(Beginning of GIVEN DATA)
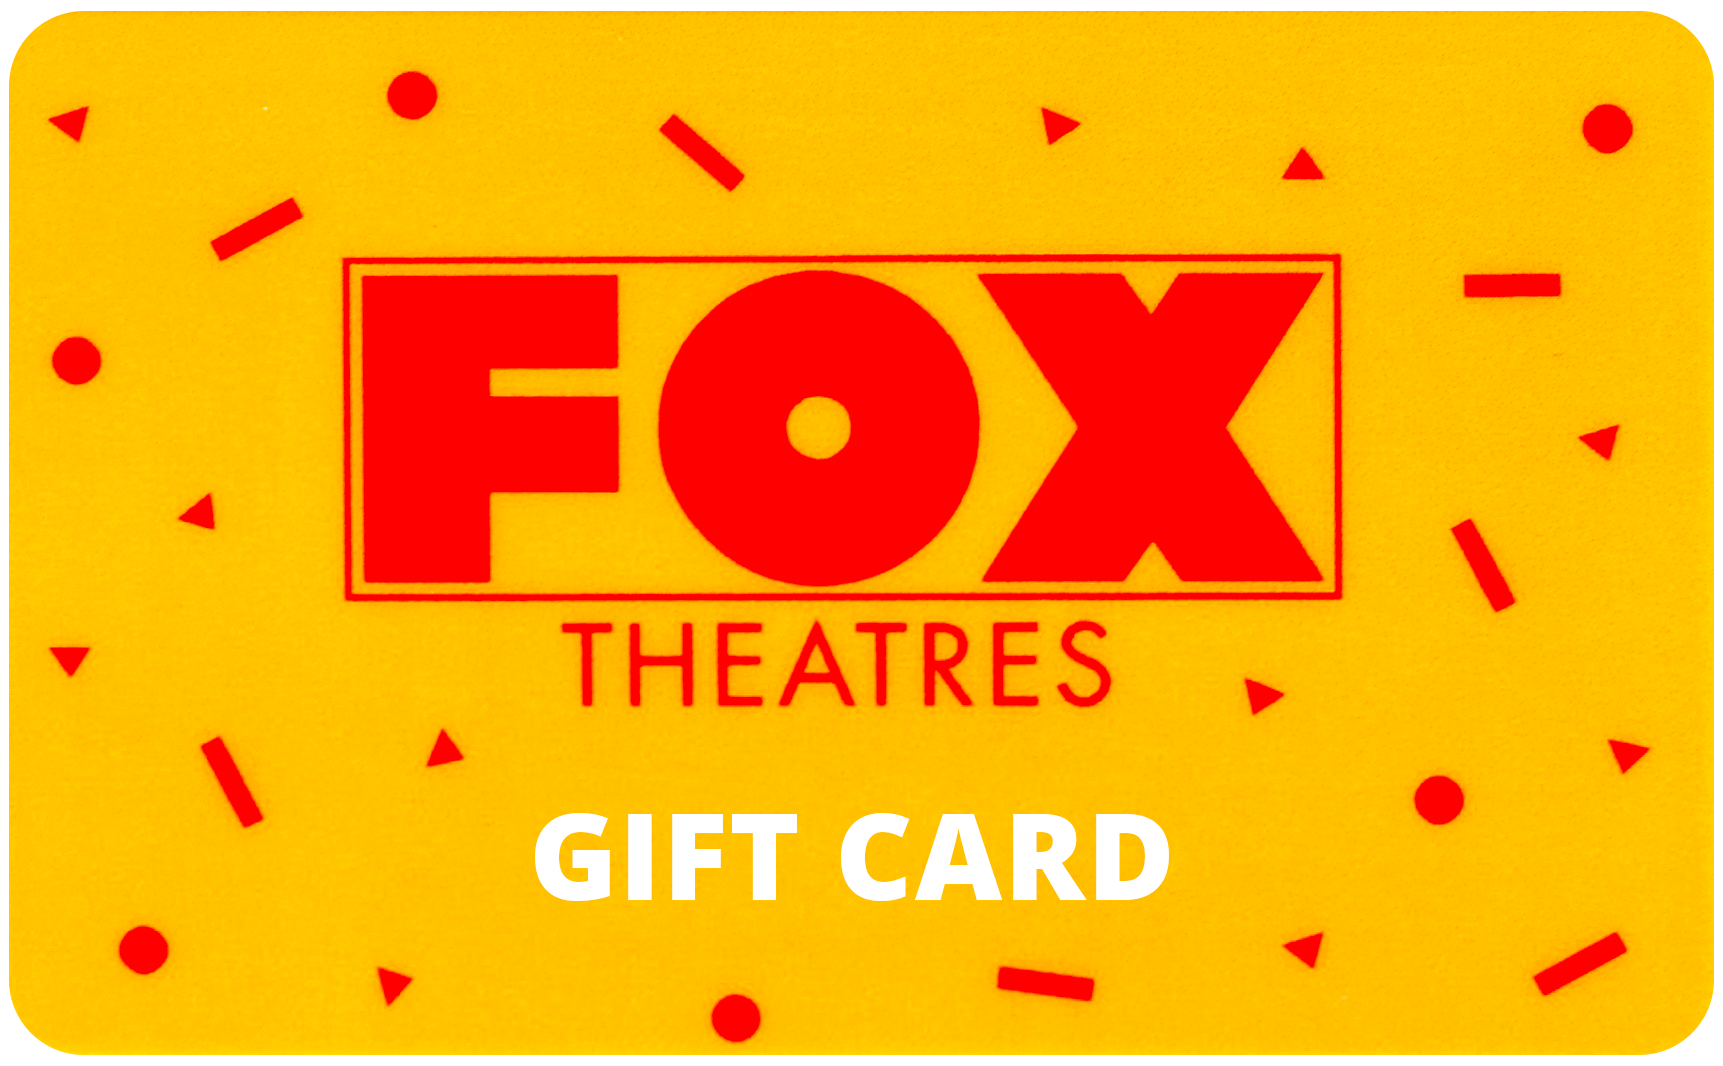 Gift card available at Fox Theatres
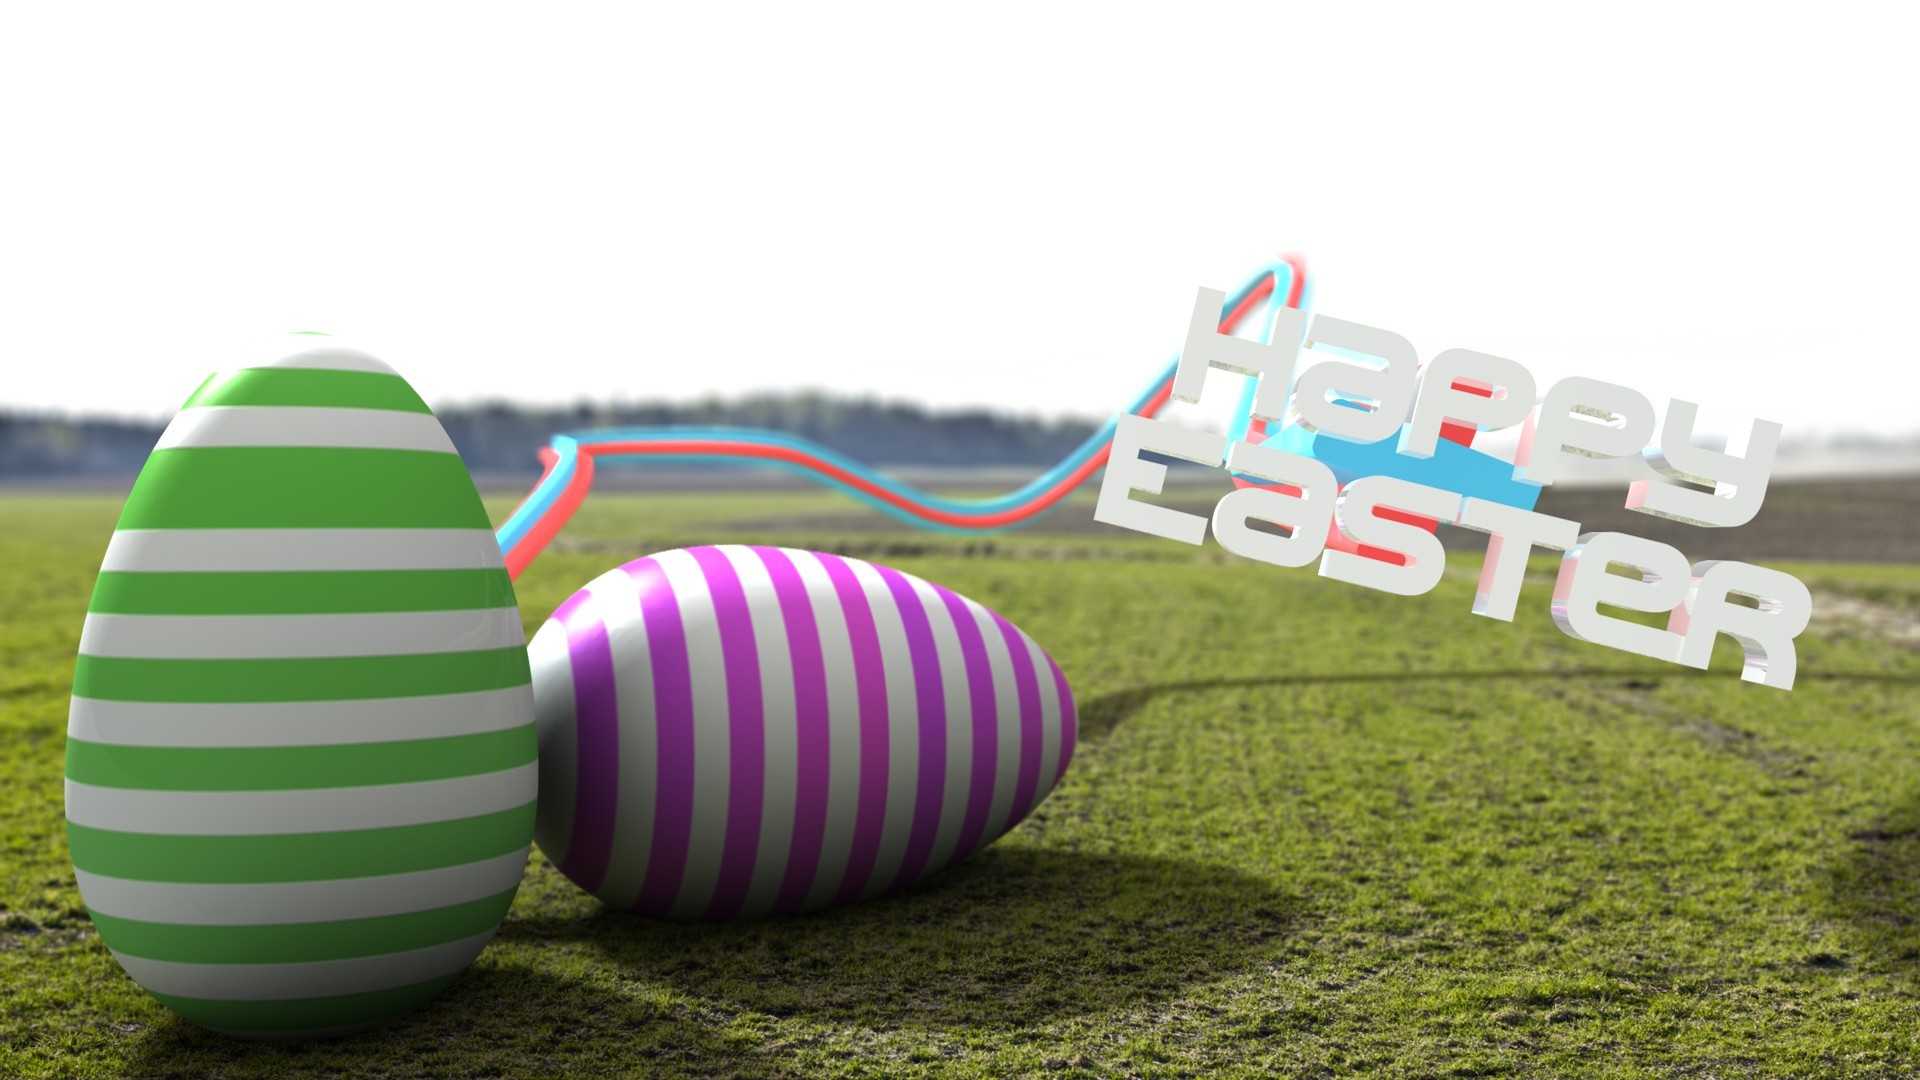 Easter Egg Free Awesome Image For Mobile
(End of GIVEN DATA)
(Beginning of GIVEN DATA)
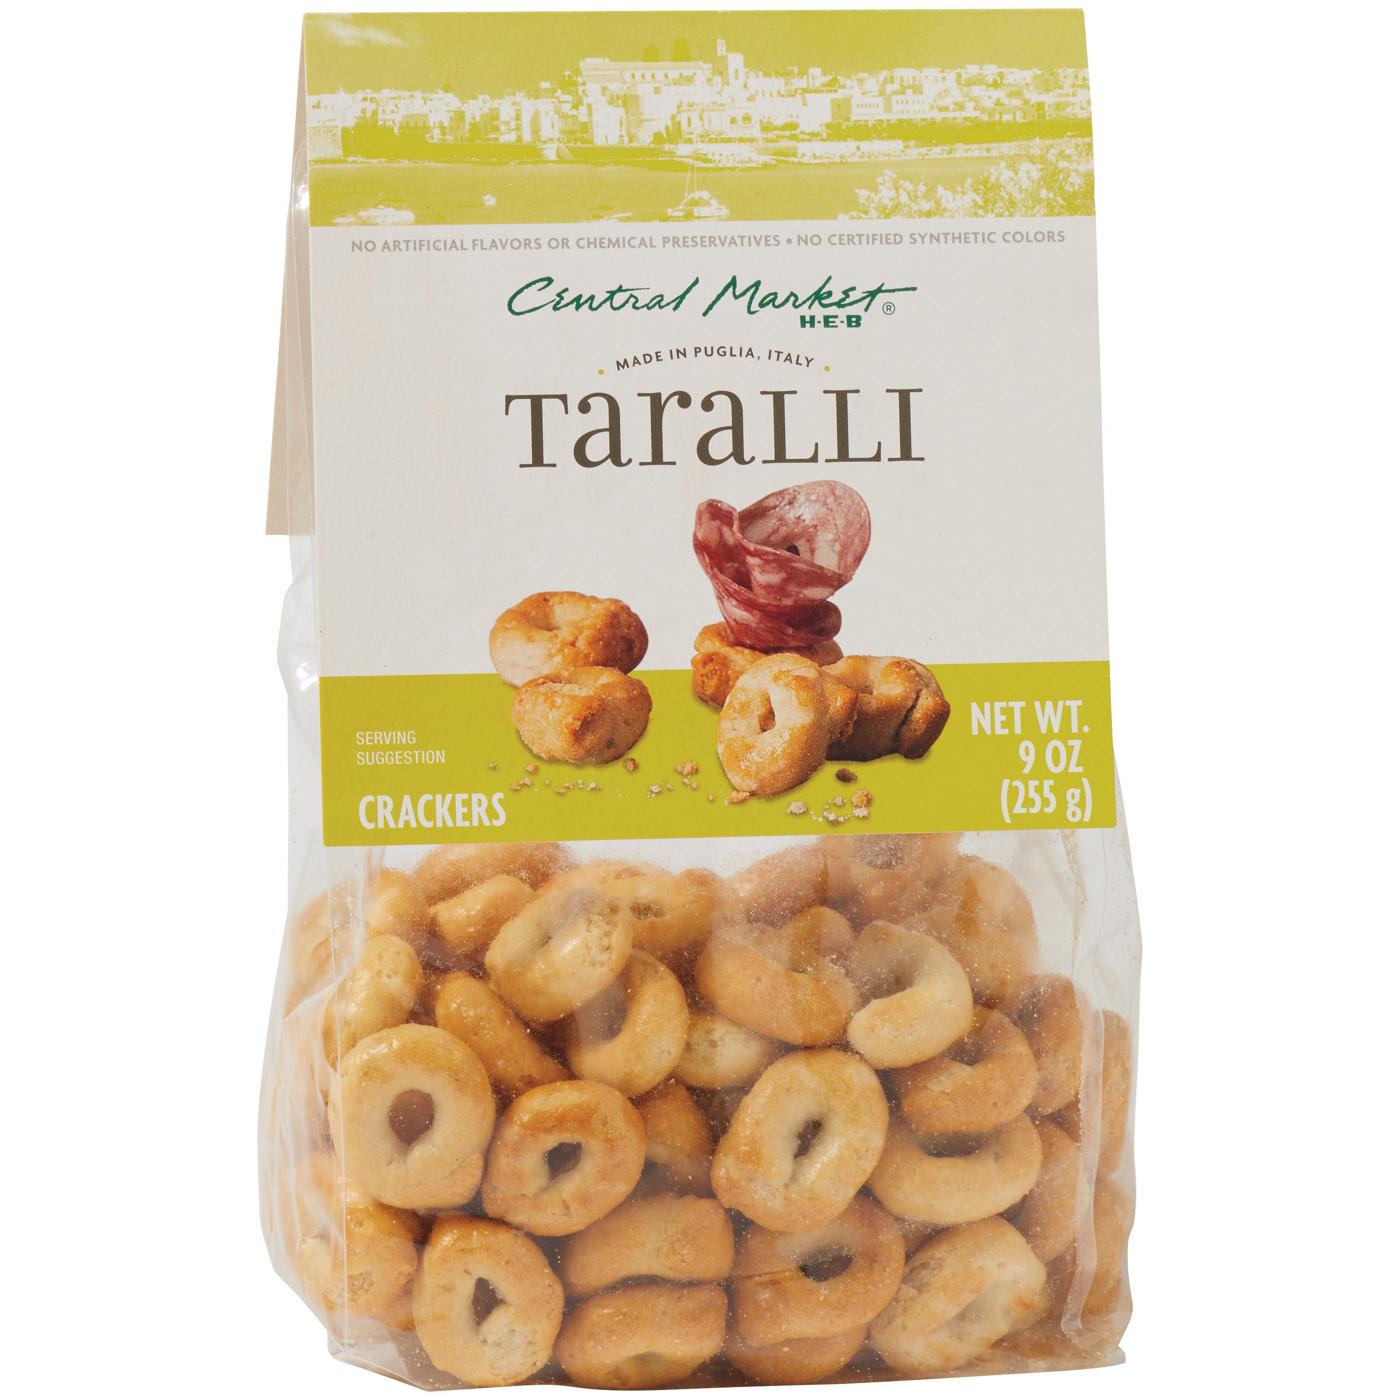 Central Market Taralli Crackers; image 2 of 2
(End of GIVEN DATA)
**EXERCISE**
Your task is to copy only the lines above starting at the one containing "Gift card available at Fox Theatres" and ending at the one containing "Easter Egg Free Awesome Image For Mobile". Copy them exactly, both ends included, and omit the pictures.

**EXERCISE RESPONSE**
 Gift card available at Fox Theatres
 Easter Egg Free Awesome Image For Mobile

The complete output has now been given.